How a Rare C++ Edge Case Took Down a Business-Critical Service

One evening, I was about to go home, but received an alert from a business-critical service. It looked horrible. About one-third of API queries were failing, and the number of failed requests per second was very high. I even laughed at the situation, because it was the fourth incident this year when I was on-call, just about to leave and received an alert. Does it look like planned problems?
My plans for a calm evening were ruined, one of the core services - crucial for business, was struggling with core-dumps and pods restarted one by one. I didn’t understand what was going on. Fortunately, only one-third of the queries failed, but thanks to retries it continued to handle customer requests.
According to the on-call instructions I had to immediately find a way to stabilize the service, and then track down the root cause of the problem. For the first five minutes I didn’t understand what was going on. I tried to watch logs, but if the service crashes it couldn’t deliver the logs properly. The scale of the problem was gradually resolving, but I hadn't caught the problem yet. I noticed that the number of crashed pods decreased and the crashes occurred less and less often. It definitely looked like exponential backoff, so the problem was in some kind of queue handler, but I couldn’t determine which specific queue it was. I looked at monitoring dashboards and there were also interesting things: overall traffic rose by 30%, successful requests were still the same level, but 30% extra traffic was errors. So, I concluded that customers weren’t struggling, thanks to retries policies, but sometimes they could see annoying error messages.
Finally, I downloaded the core-dump and analyzed it. There were two problems in a few lines of code. First, the service received from external service an empty array. Our client model in code used `std::optional<std::vector<..>>` type as return value, where std::optional is null if some unexpected error occurred and service response hadn’t been received, but empty array was OK for model, but not for queue handler which checked only optional for emptiness, but not the value inside the std::vector.
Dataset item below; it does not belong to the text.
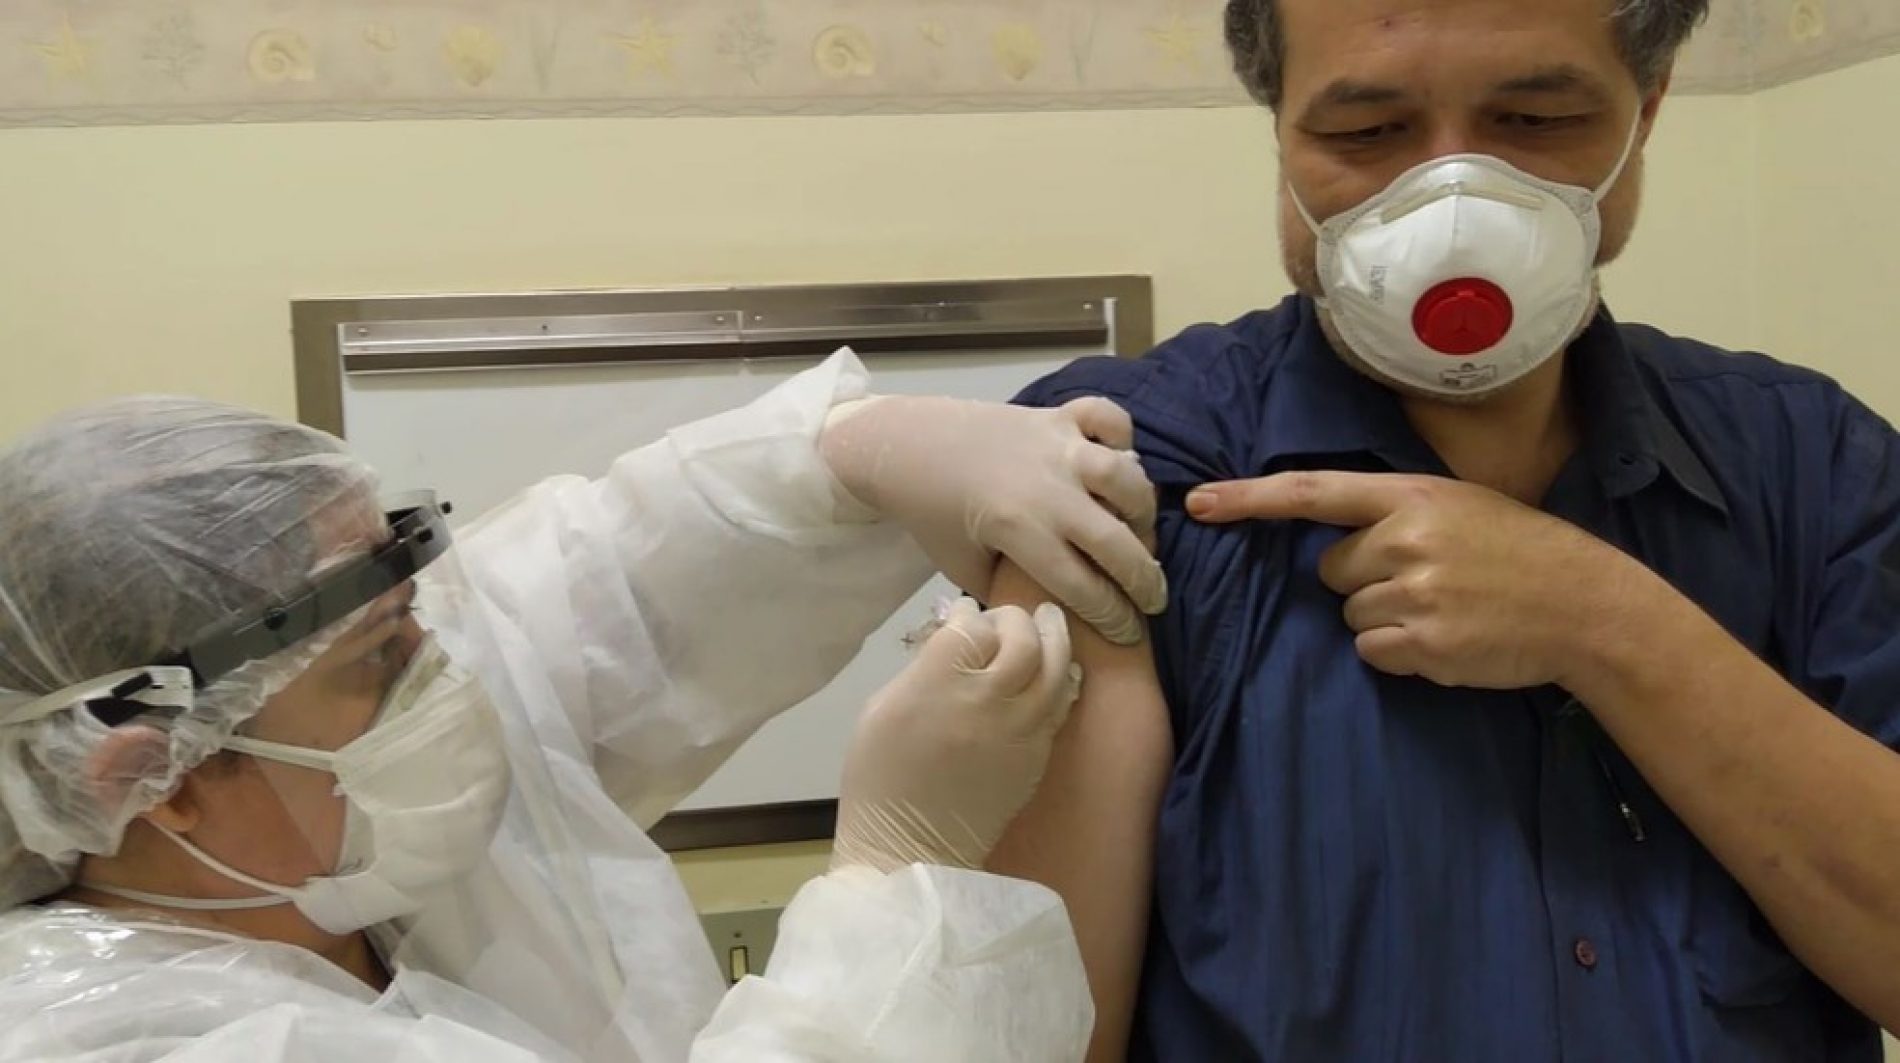 REGIÃO: Voluntários que tomaram dose da vacina chinesa passam bem, diz pesquisador
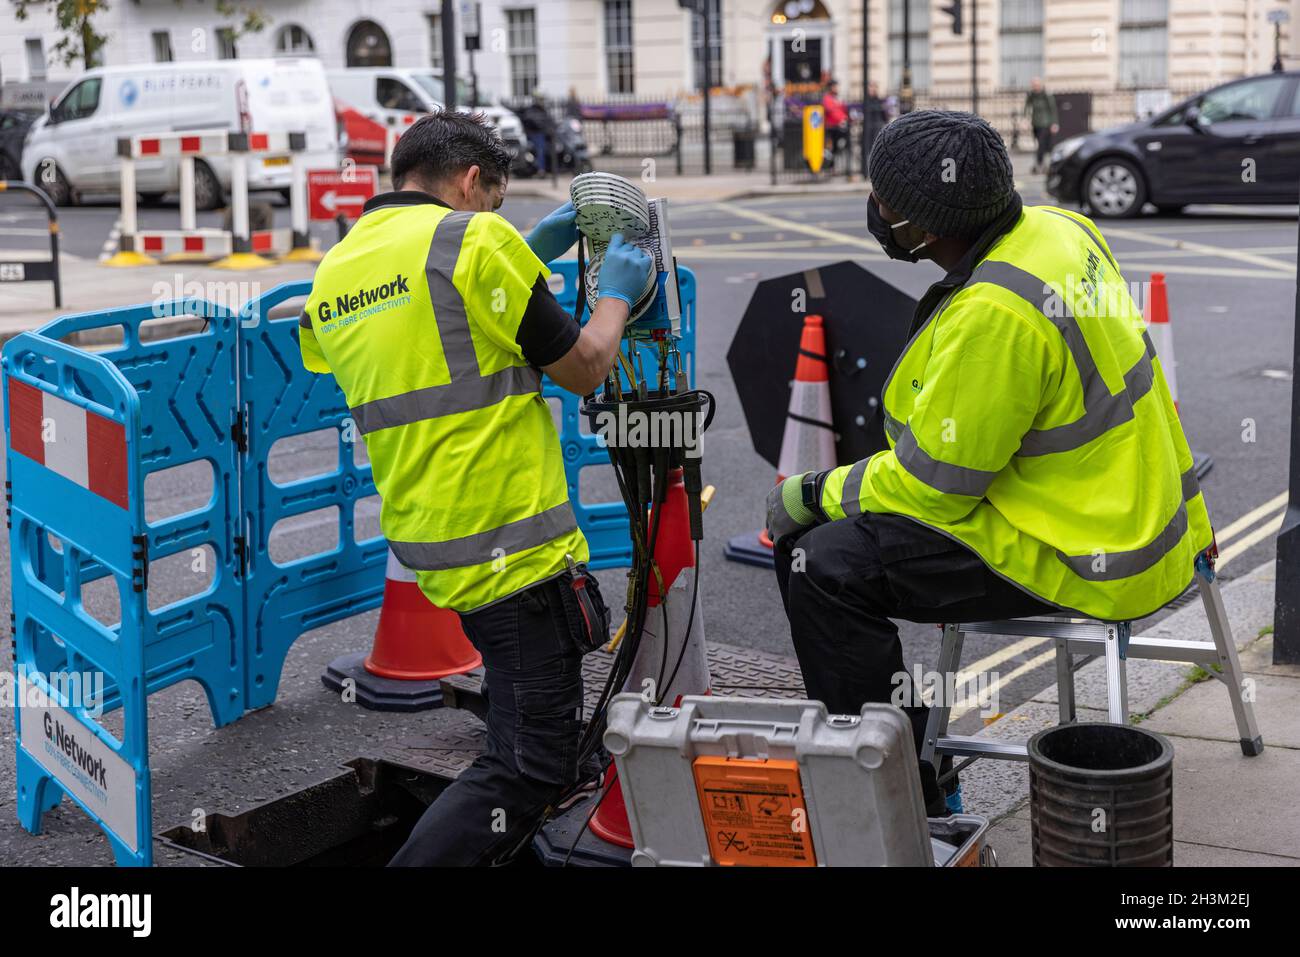 « G.Network' ingénieurs connectant des câbles réseau Internet haut débit à fibre optique à l'intérieur d'un boîtier « nœud », dans la région de Fitzrovia, Londres, Angleterre, Royaume-Uni Banque D'Images

So, the second problem was the former engineer using the front() method instead of at(0) for getting the first element of the vector. In such cases calling front() at an empty array led to immediate program termination and produced a core-dump. In spite of the at(n) method that checks for out-of-range access and throws an exception if needed. Exceptions, in the worst case, lead to queue handler fall and one more attempt to handle this task later. This misuse of method led to service failure.
Talking about this situation I always remember the phrase of Neil Armstrong: “That's one small step for man, one giant leap for mankind”, but I would rephrase it due to my context: “That’s one small method usage for a software engineer, one big problem for the business”.
The next step, I quickly fixed a bug by adding a check to see if the vector was empty; asked my colleague to approve this merge-request and roll-out the release. As an action item for the next cross-team tech-sync meeting I’ll offer to add a linter rule and open a discussion about prohibiting usage of such unsafe methods, especially in cases where a safer alternative exists.
Have you ever have the same experience?